Money is really tight, and if ExH does this, I am going to have to talk to our child about considering giving the activity up to do something else more locally. Our child knows that his father currently pays for the kickboxing, so he will realise that his father no longer wishes to fund it. ExH says that is emotional blackmail and more evidence of me trying to turn our child against him. He also has made masked accusations about me spending the money on things other our DC. I am typing this AIBU wearing second hand clothes. My top has several holes worn out in it. Our child is clothed in new clothes, warm, fed and well looked after.

I don't know what to think to be honest - I am prepared to accept that I'm probably being unreasonable - I'm just tired, broke and at the end of my tether.

I'm also furious with ExH for the fact that he has hurt our child so much and the fact that I have had to do all the school liaison, all the mopping up, all the work to get an ASD assessment (fighting opposition from ExH) - whilst gritting my teeth and playing nice for years - so I'm probably not thinking clearly.

OP posts:
cinderfrickingrella · 24/06/2019 13:43

Obviously morally, you exH is wrong. No question.

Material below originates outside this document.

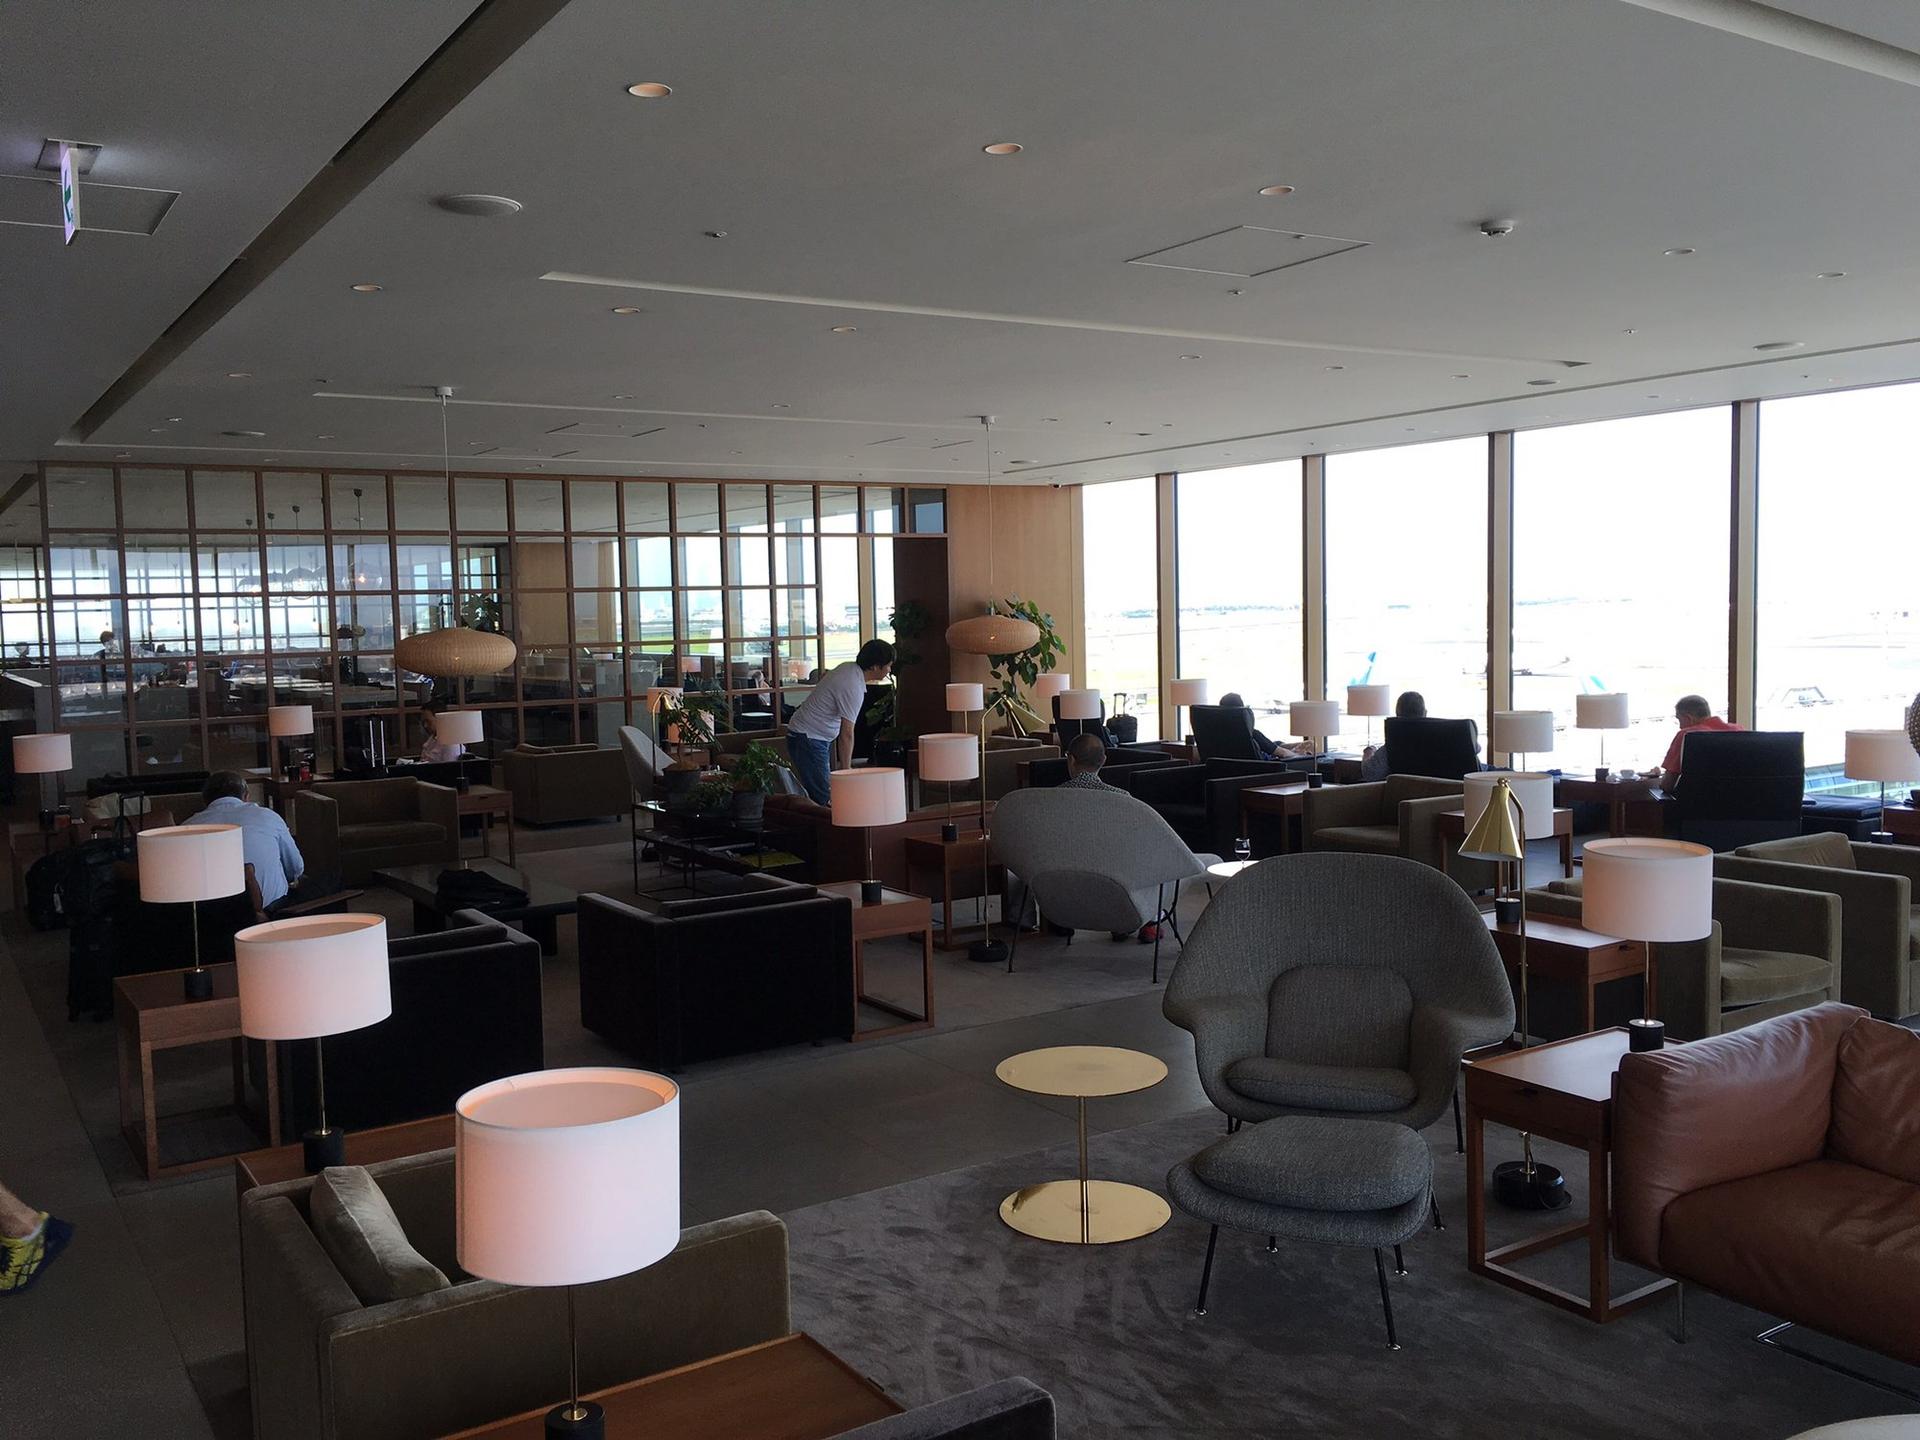 Cathay Pacific Lounge image 45 of 49

I think I'm the eyes of CMS, he's probably right. Sorry.

Pinkmouse6 · 24/06/2019 13:45

CMS will only demand he pays the lowest possible amount so what you have calculated online basically. They can’t demand he pays for the kickboxing lessons on top of that. If you go down the CMS route, your ex has every right to stop paying for the lessons and you would have to pay for them from his extra CM iykwim.

I know it’s shit but it’s the way the system works.

mrsm43s · 24/06/2019 13:49

I'm inclined to think your DH is right on this one.

If you want to take the full amount of maintenance on the basis that you are solely providing for the child, then the kickboxing cost would fall to you.

Whether or not CM is enough or reasonable is a whole different issue.

LemonSqueezy0 · 24/06/2019 13:53

Sorry but legally (CMS rules) he is right. Morally he's being a shit....

Can you find a group closer to home?

CrochetAway · 24/06/2019 14:43

It might need to be a group closer to home. Trouble is with kickboxing, it appears that different places have a different session with belts etc. My DC is one step away from his black belt and I don't want him to miss out on achieving it.

He can be very uncomfortable in unfamiliar settings too, so I would probably find it very difficult to persuade him to try another place.

Thanks everyone for replying. I know that kickboxing is an extra and not something I could ask CMS to enforce (and we've just used the calculator and organised it ourselves up until now - never asked CMS to do any enforcing!) I just feel really disappointed in his attitude but don't know whether I have the right to feel that or I'm just being massively unreasonable.

OP posts:
CrochetAway · 24/06/2019 14:44

Different process with belts is what I meant to say!